WORK REQUEST>
The expected output is an exact copy of each line from the line with "Patentovaný indikátor stavu" through the end of the data below, with no pictures in it.

RECORDED DATA>
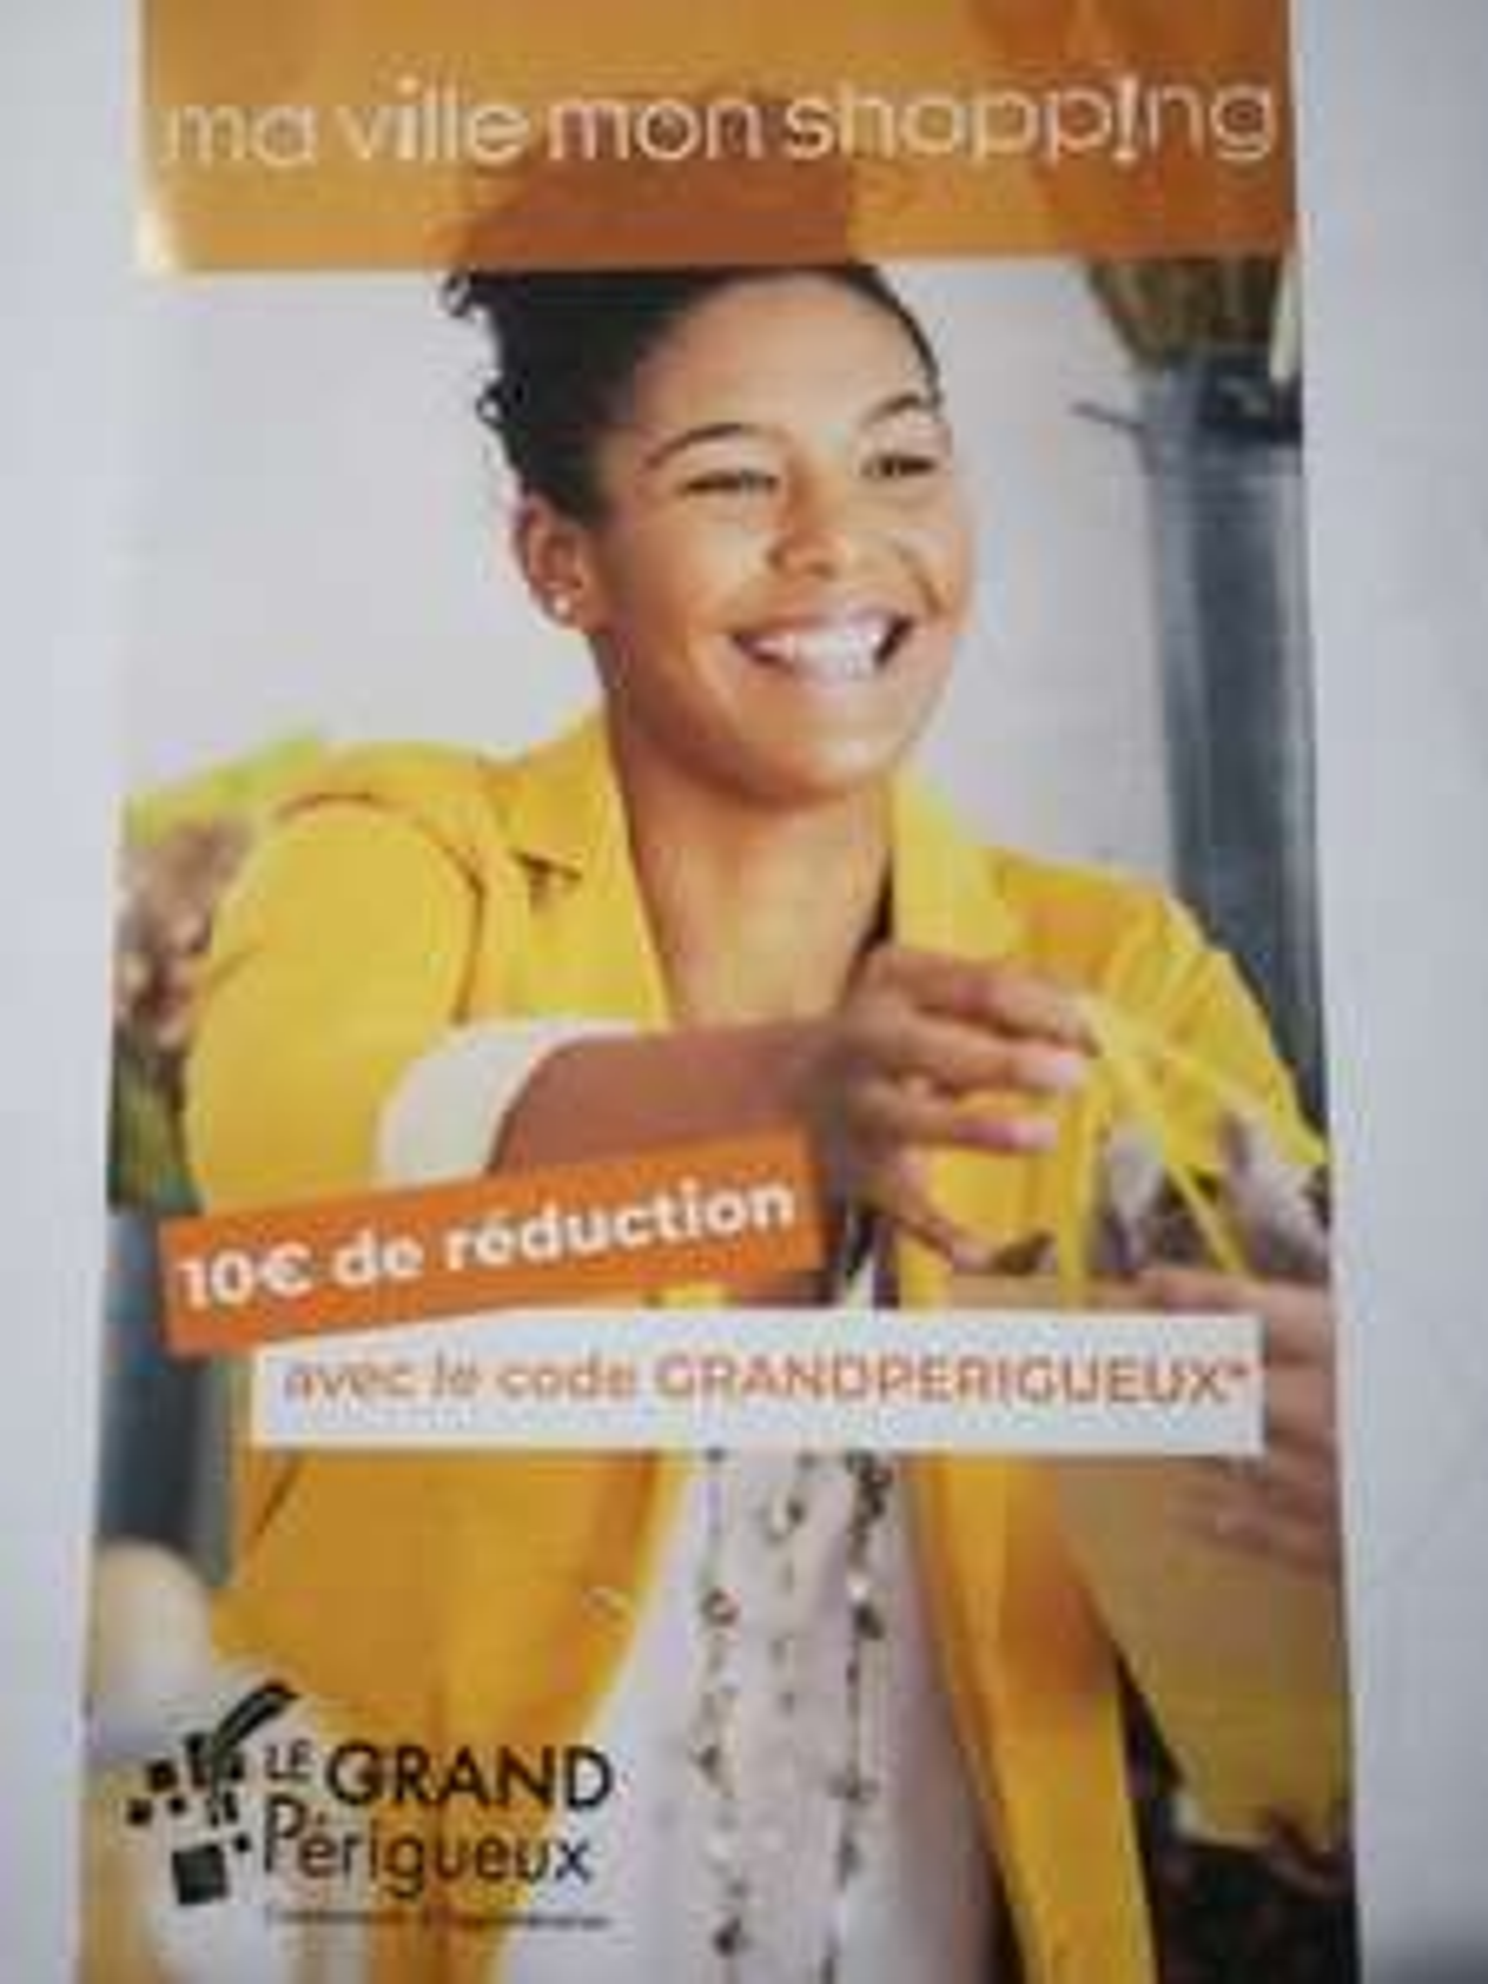 10€ de réduction sur votre commande - mavillemonshopping.fr
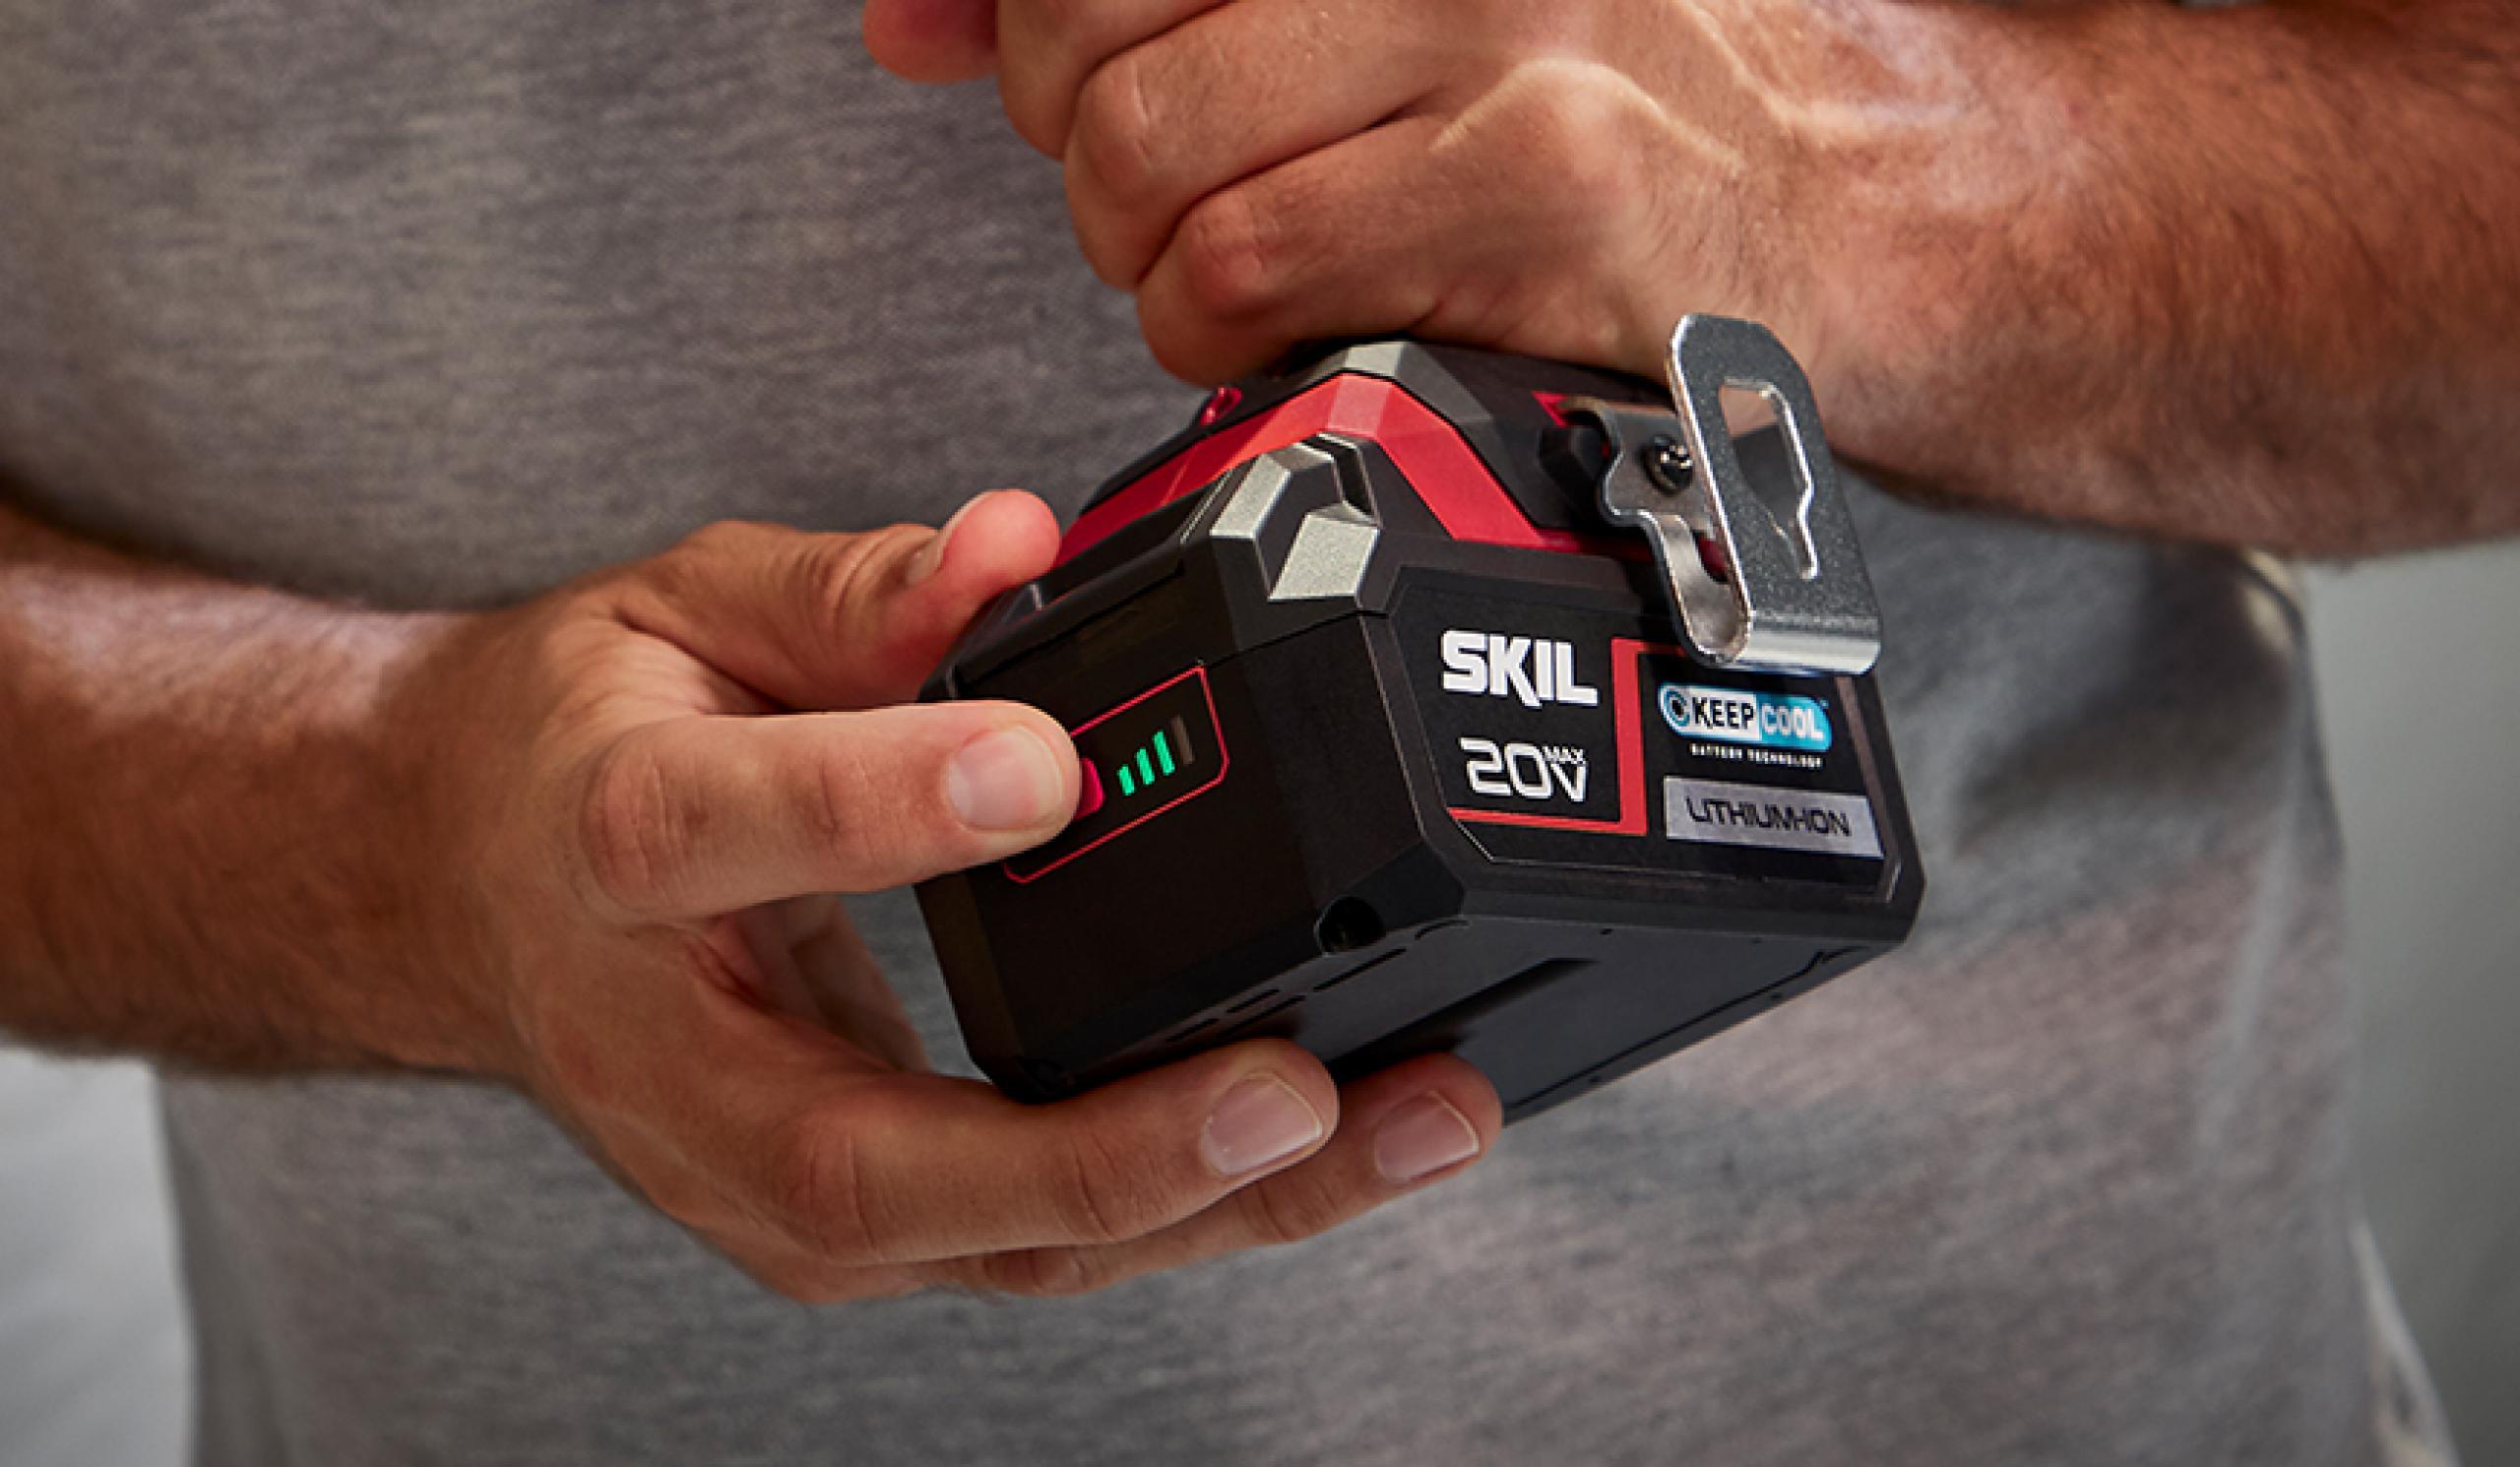 Patentovaný indikátor stavu baterie, kterému můžete věřit
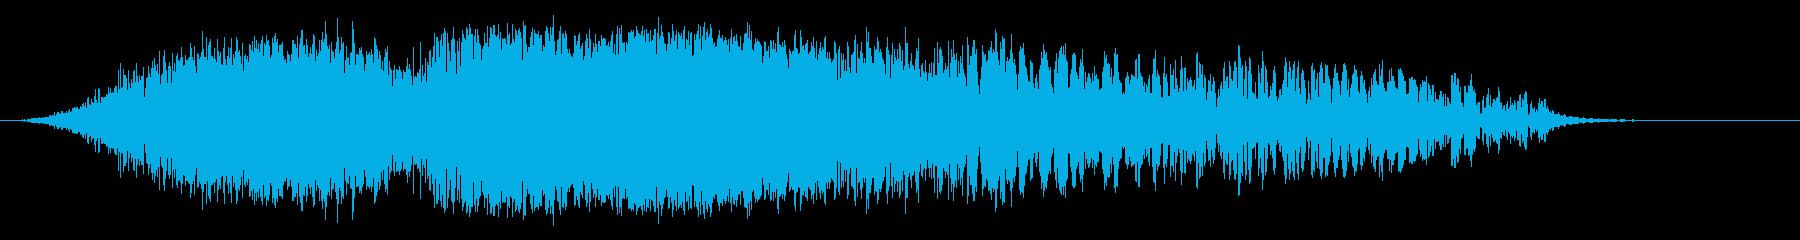 低中空スイープの再生済みの波形

SOLUTION TO THE PROBLEM>
 Patentovaný indikátor stavu baterie, kterému můžete věřit
 低中空スイープの再生済みの波形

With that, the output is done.